*WHAT THIS TASK INVOLVES*.
Images should not appear in the copy, yet every line of the listing below must be printed exactly.

*GIVEN MATERIAL*.
• • • • • • •

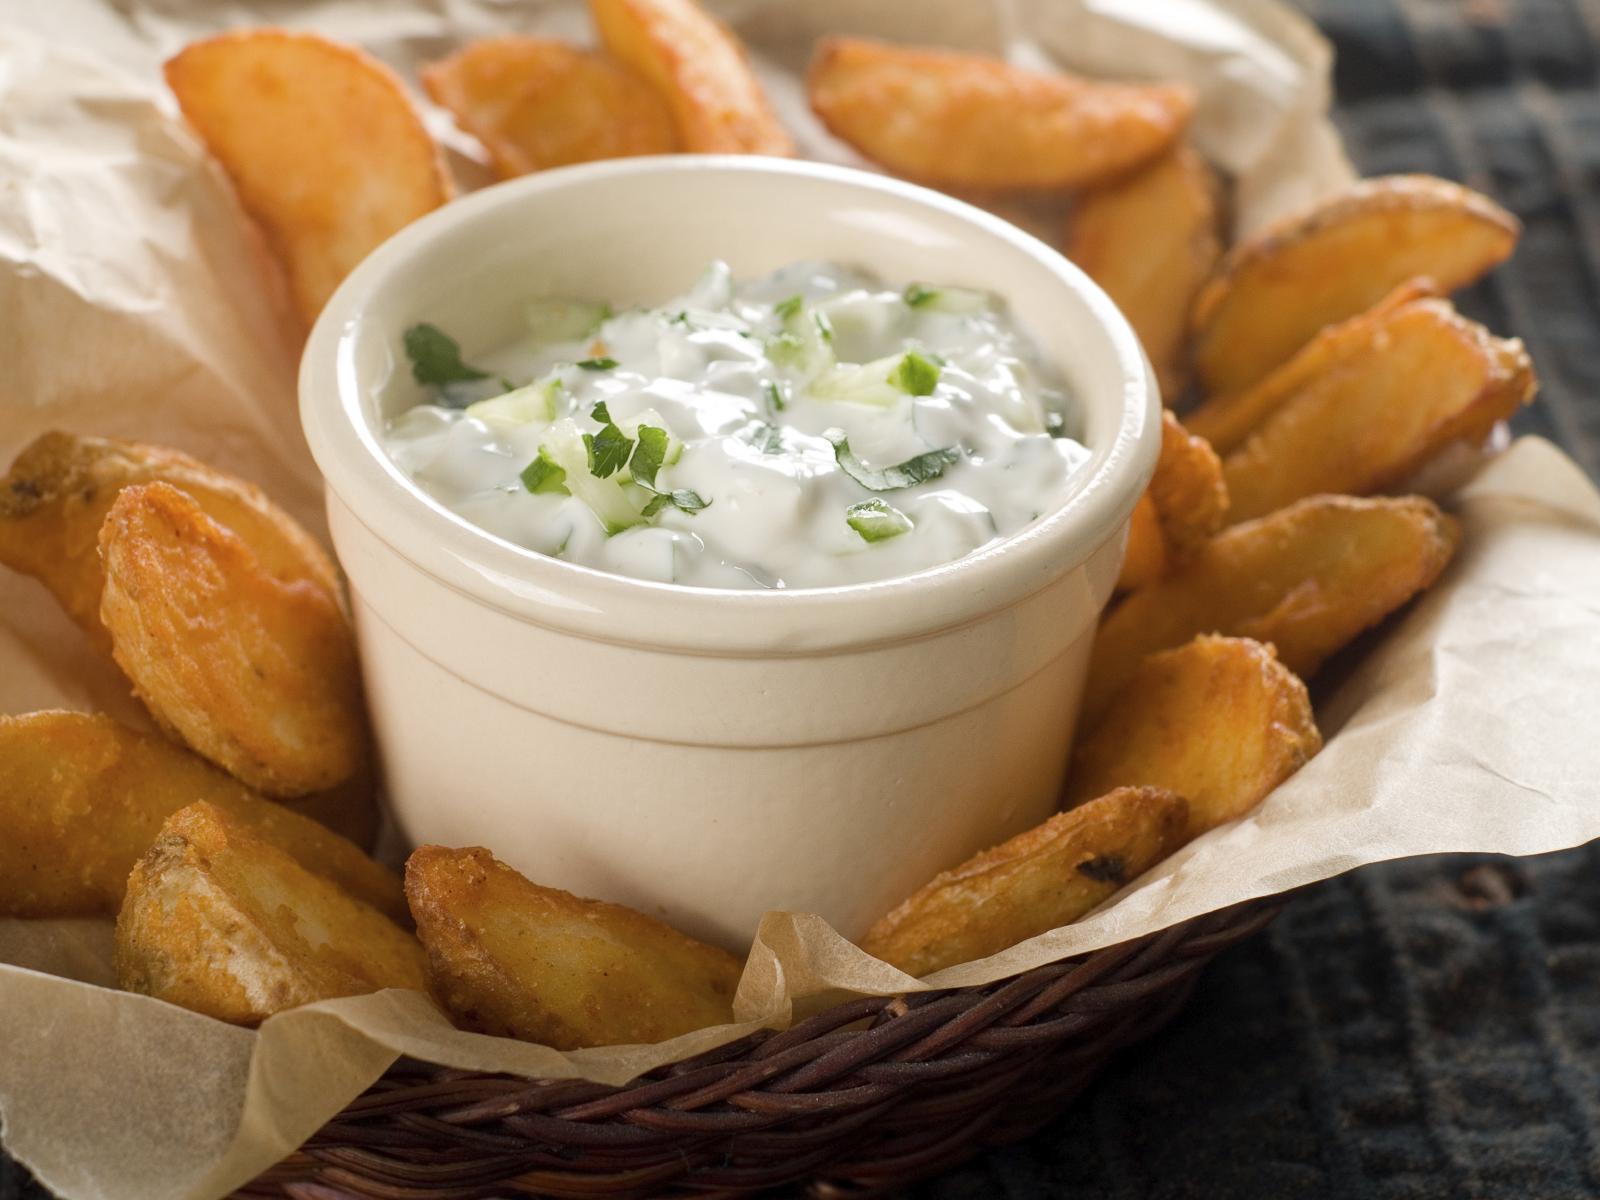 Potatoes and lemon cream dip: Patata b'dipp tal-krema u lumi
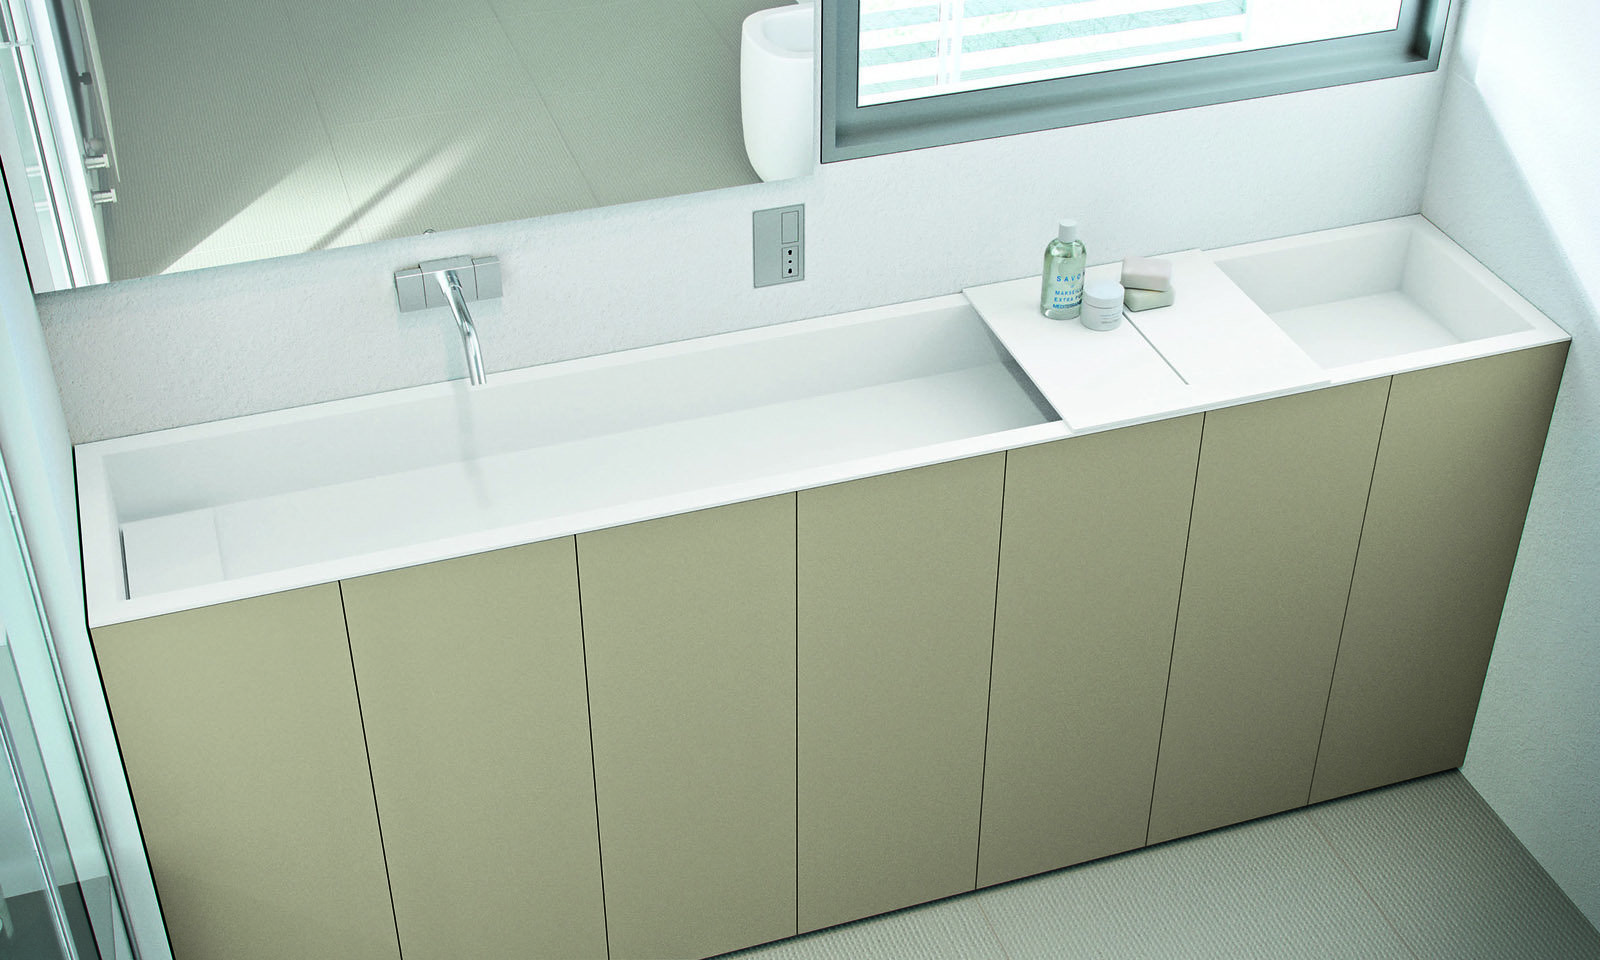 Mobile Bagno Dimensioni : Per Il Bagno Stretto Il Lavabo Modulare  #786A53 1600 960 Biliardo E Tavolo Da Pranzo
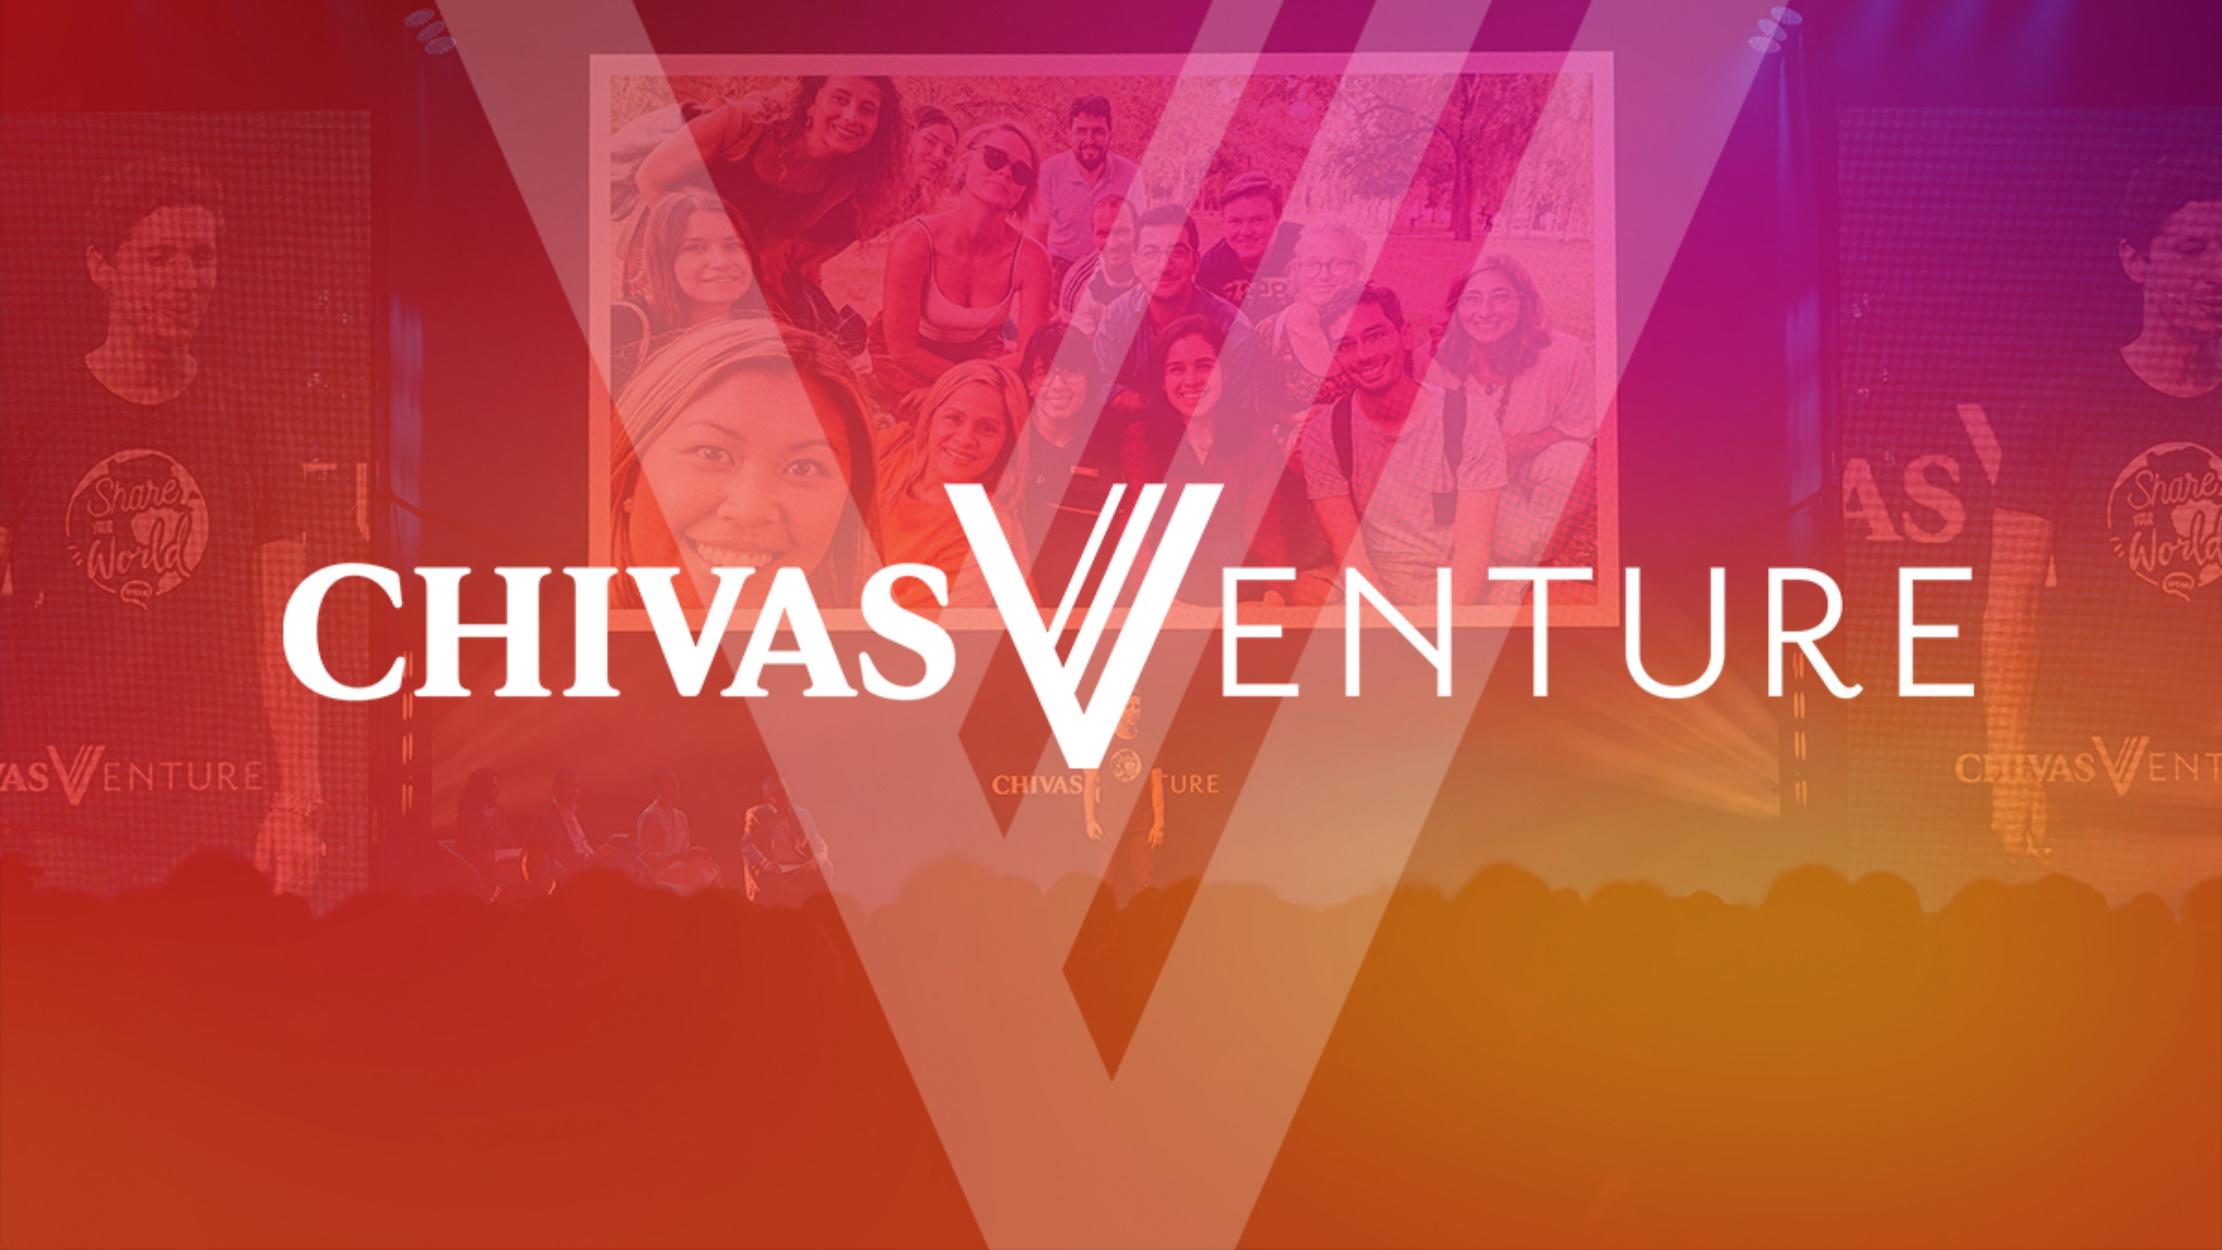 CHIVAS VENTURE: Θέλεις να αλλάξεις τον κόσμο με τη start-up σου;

• • • • • • •

*RESULT*.
 Potatoes and lemon cream dip: Patata b'dipp tal-krema u lumi
 Mobile Bagno Dimensioni : Per Il Bagno Stretto Il Lavabo Modulare  #786A53 1600 960 Biliardo E Tavolo Da Pranzo
 CHIVAS VENTURE: Θέλεις να αλλάξεις τον κόσμο με τη start-up σου;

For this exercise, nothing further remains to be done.